Corrimos en busca de mamá a la vez que ella y Miss Alejandrina nos daban el encuentro en el medio del patio, Bronco bajó cual rayo y ladraba sin cesar, la inmensa casa cuyas columnas revestidas de quincha y adobe eran de caña se movía como si estuviera sometida al vaivén de unas olas inexistentes, nos era difícil pisar firme. Los cinco niños nos prendimos de mamá, inmovilizándola.

Mi madre, que siempre fue de una figura fina, esbelta, de piernas muy delgadas, de aspecto frágil pero muy fuerte y serena, pidió apoyo a la profesora para abandonar la casa. En ese instante Miss Alejandrina caía de rodillas implorando al cielo que amaine su furia. A partir de ese instante lo que recuerdo es que entré en un estado de pánico,  tanto por el terremoto como por la transformación de mi maestra.

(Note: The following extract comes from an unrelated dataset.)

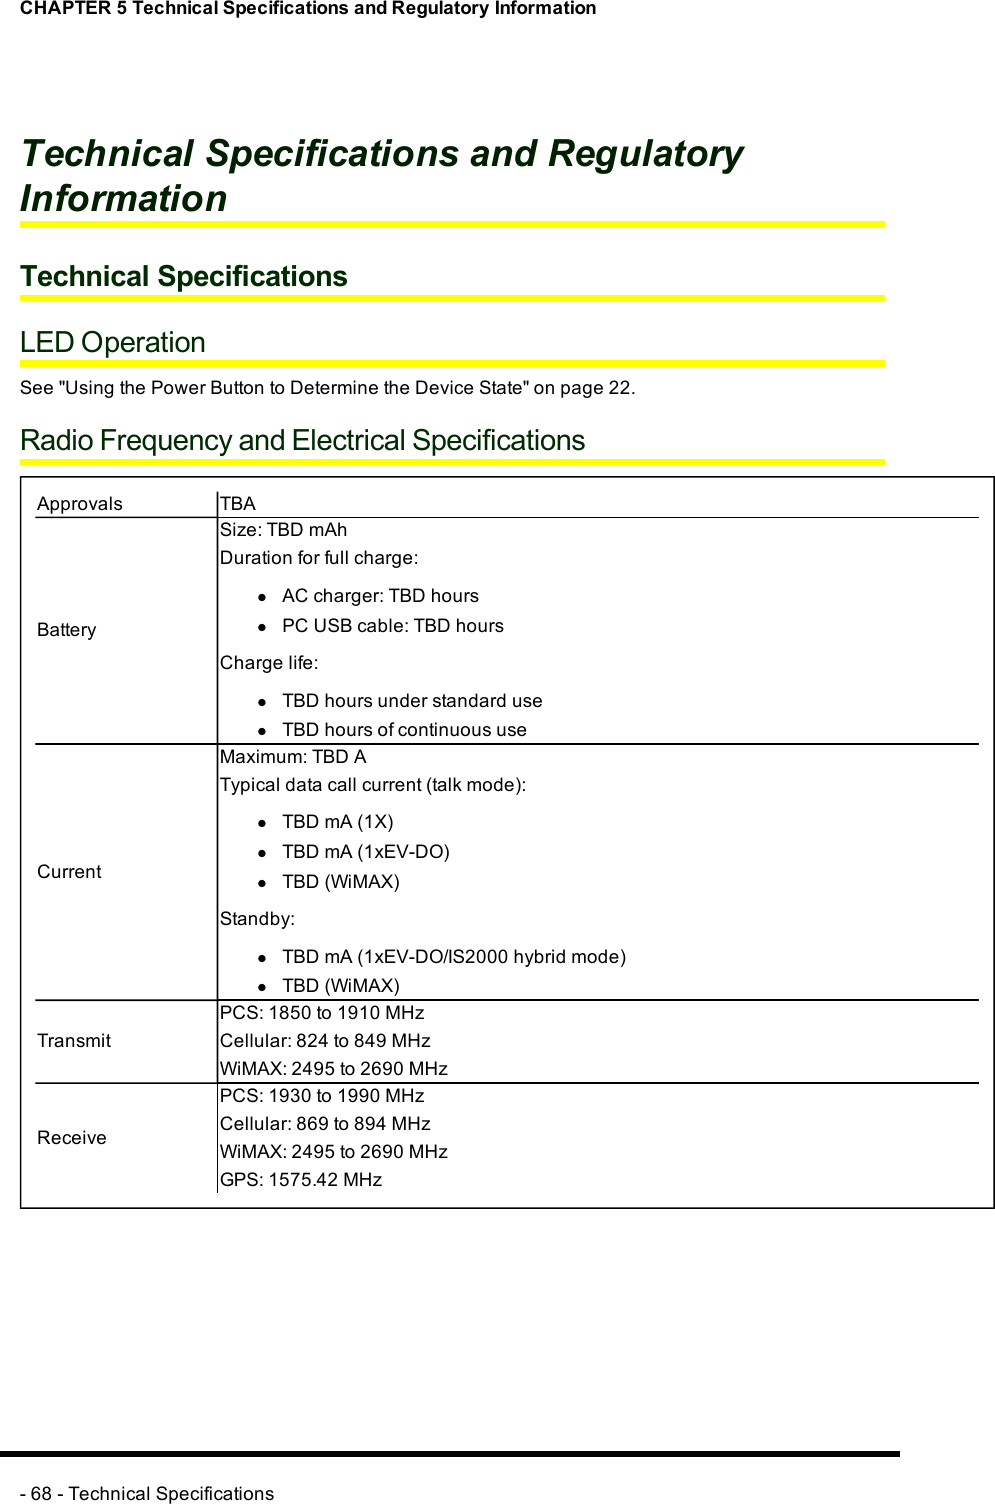 CHAPTER 5 Technical Specifications and Regulatory InformationTechnical Specifications and RegulatoryInformationTechnical SpecificationsLED OperationSee &quot;Using the Power Button to Determine the Device State&quot; on page 22.Radio Frequency and Electrical SpecificationsApprovals TBABatterySize:TBD mAhDuration for full charge:lACcharger:TBD hourslPCUSBcable:TBD hoursCharge life:lTBD hours under standard uselTBD hours of continuous useCurrentMaximum: TBD ATypical data call current (talk mode):lTBD mA (1X)lTBD mA (1xEV-DO)lTBD(WiMAX)Standby:lTBD mA (1xEV-DO/IS2000 hybrid mode)lTBD(WiMAX)TransmitPCS: 1850 to 1910 MHzCellular: 824 to 849 MHzWiMAX: 2495 to 2690 MHzReceivePCS: 1930 to 1990 MHzCellular: 869 to 894 MHzWiMAX: 2495 to 2690 MHzGPS: 1575.42 MHz- 68 - Technical Specifications
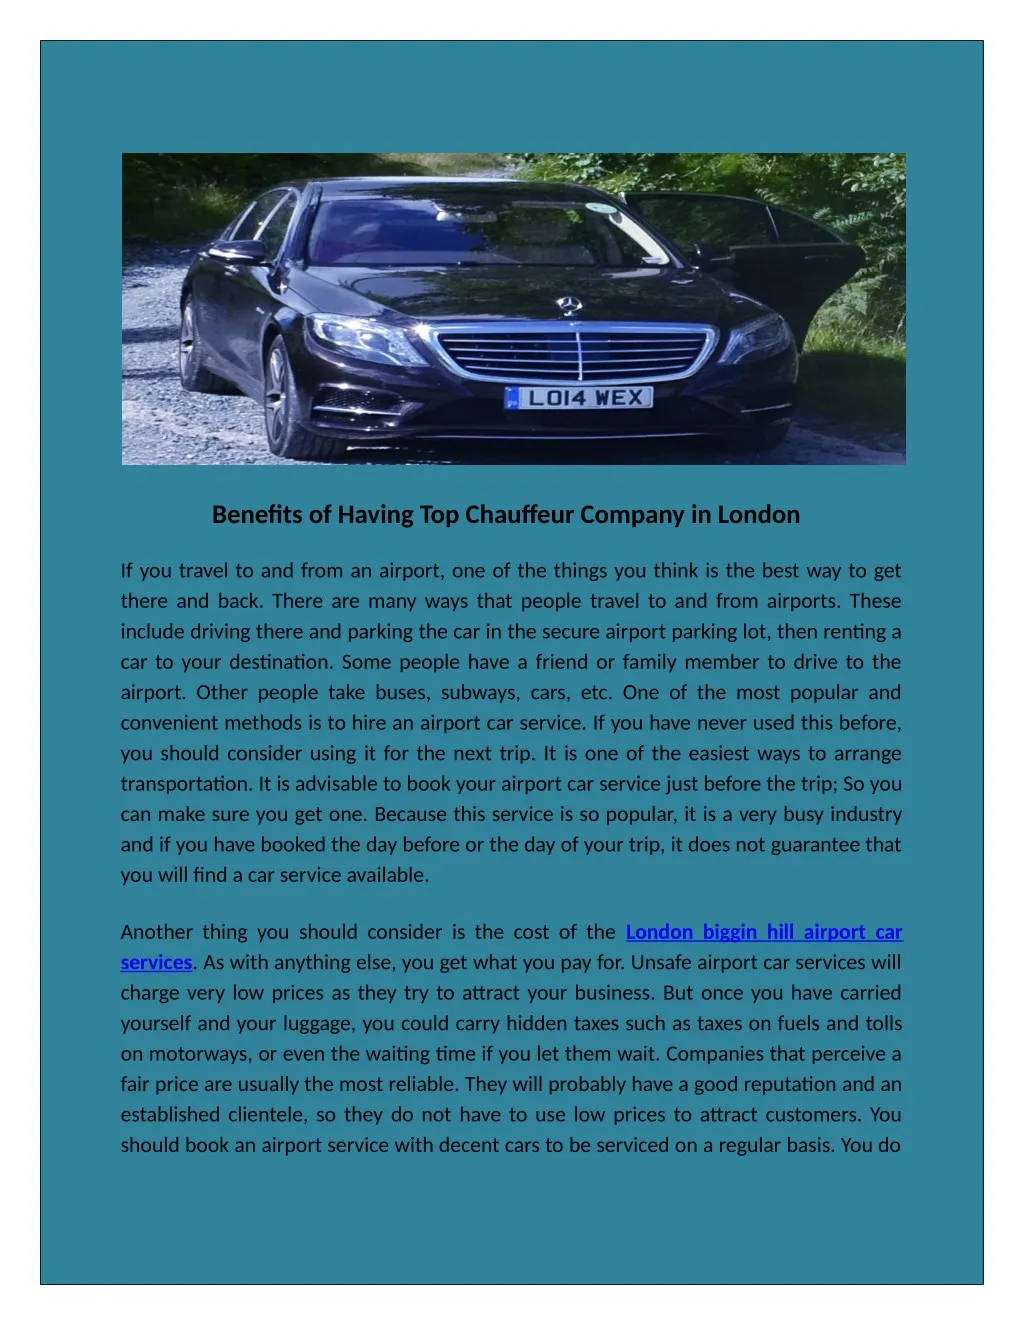 benefits of having top chauffeur company in london

Miss Alejandrina yacía en el piso arrodillada, con los brazos extendidos hacia el cielo —en verdad hacia el techo— con una voz que no era la suya —estaba convencida que había sido poseída por un ser espectral, tal vez de otro mundo—, ronca y potente  clamaba a voz en cuello «¡DIOS MIOOO APLACA TU IRAAAA!, ¡OOOH SEÑOR PERDONA NUESTROS PECADOS, NO NOS CASTIGUEEEES ASÍ!» y otras frases más en medio de rezos y oraciones, mientras la casa seguía temblando, los adornos y cuadros caían al piso, los vidrios de las ventanas reventaban y mi madre tratando de andar con cinco niños aterrorizados llorando, prendidos de ella.

Bronco no dejaba de ladrar dando vueltas sobre sí, desesperado. Fueron cuarenta y cinco segundos lo que duró el sismo, uno de los más violentos y destructivos que ha sacudido Lima, de más de siete grados en la escala de Richter. Para completar la pavorosa escena: el movimiento brutal de la tierra llegaba acompañado de un impactante ruido, como si miles y miles de gigantes piedras rodaran por la ciudad arrasándolo todo.

Como pudo y sacando fuerzas de no sé donde, mi mamá dejó a Miss Alejandrina con sus rezos y bajó las veintiún gradas con sus cinco hijos. Cargó a Marisol, la más pequeña con un brazo, con la otra mano cogió a Susy y Arturo,  a Mariella y a mí nos instruyó para no soltarnos de su vestido, Bronco iba adelante abriéndole paso; cuando  estábamos alcanzando el último escalón, un bólido pasó al lado nuestro gritando y llorando, llegando a la calle antes que mi mamá y sus hijos, era Miss Alejandrina que cuando una gran porción del techo cayó al lado suyo, se convenció que sus ruegos no serían escuchados.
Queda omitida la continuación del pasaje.